Exercise:
Once you reach the line containing "Travel Tips and Stories of Ulriken in Norway" in the entries below, write out that line and each one after it down to the line containing "Caffè Sicilia", exactly and with nothing added.

Supplied entries:

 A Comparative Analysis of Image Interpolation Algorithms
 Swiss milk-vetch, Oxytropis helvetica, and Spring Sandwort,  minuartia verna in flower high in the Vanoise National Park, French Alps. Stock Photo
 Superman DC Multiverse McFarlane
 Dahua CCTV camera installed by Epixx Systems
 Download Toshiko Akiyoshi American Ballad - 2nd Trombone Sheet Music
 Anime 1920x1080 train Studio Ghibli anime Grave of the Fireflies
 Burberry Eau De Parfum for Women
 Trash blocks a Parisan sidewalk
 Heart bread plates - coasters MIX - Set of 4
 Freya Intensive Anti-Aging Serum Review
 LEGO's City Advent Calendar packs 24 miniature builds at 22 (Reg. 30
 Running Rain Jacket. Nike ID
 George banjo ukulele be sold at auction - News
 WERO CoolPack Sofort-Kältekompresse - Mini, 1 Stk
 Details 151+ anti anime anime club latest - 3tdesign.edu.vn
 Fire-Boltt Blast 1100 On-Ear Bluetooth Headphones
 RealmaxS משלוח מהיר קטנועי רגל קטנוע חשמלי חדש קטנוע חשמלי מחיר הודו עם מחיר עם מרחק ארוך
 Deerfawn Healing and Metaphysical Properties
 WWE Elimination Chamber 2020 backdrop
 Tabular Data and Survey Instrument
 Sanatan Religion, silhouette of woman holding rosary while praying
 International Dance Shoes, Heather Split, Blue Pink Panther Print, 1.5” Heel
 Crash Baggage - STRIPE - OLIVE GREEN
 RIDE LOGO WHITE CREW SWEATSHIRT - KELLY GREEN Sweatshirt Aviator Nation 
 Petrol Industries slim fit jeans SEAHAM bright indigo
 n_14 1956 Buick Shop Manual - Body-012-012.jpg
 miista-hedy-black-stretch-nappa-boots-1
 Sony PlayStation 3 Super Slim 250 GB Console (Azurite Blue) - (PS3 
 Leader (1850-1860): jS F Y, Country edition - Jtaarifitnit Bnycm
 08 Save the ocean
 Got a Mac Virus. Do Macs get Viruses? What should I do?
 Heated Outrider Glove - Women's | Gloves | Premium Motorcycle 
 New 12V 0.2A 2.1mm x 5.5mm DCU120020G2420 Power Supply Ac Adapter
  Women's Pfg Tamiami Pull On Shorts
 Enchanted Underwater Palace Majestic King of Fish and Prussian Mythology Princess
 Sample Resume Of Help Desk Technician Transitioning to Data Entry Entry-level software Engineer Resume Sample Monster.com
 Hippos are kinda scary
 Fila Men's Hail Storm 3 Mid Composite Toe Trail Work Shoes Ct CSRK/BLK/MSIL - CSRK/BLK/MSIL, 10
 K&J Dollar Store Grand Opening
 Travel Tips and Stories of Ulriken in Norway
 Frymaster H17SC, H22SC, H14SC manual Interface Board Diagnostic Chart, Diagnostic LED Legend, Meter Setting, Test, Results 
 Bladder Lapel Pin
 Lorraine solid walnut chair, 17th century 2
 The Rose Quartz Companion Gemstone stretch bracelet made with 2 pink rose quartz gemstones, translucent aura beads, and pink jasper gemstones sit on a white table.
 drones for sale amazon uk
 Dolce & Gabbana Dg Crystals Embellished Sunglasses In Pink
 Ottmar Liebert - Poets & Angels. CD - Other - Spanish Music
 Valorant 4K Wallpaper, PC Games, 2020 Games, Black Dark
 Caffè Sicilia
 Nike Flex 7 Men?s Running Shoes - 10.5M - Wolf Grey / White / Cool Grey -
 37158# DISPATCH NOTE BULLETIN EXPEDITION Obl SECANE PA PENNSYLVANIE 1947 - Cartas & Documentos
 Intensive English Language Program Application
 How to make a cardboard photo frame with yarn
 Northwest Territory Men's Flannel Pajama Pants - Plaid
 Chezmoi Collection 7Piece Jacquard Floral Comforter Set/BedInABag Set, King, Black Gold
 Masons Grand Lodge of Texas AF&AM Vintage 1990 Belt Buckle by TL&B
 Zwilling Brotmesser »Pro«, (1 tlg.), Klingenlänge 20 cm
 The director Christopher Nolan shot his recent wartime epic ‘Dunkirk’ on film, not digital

Result of the task:
 Travel Tips and Stories of Ulriken in Norway
 Frymaster H17SC, H22SC, H14SC manual Interface Board Diagnostic Chart, Diagnostic LED Legend, Meter Setting, Test, Results 
 Bladder Lapel Pin
 Lorraine solid walnut chair, 17th century 2
 The Rose Quartz Companion Gemstone stretch bracelet made with 2 pink rose quartz gemstones, translucent aura beads, and pink jasper gemstones sit on a white table.
 drones for sale amazon uk
 Dolce & Gabbana Dg Crystals Embellished Sunglasses In Pink
 Ottmar Liebert - Poets & Angels. CD - Other - Spanish Music
 Valorant 4K Wallpaper, PC Games, 2020 Games, Black Dark
 Caffè Sicilia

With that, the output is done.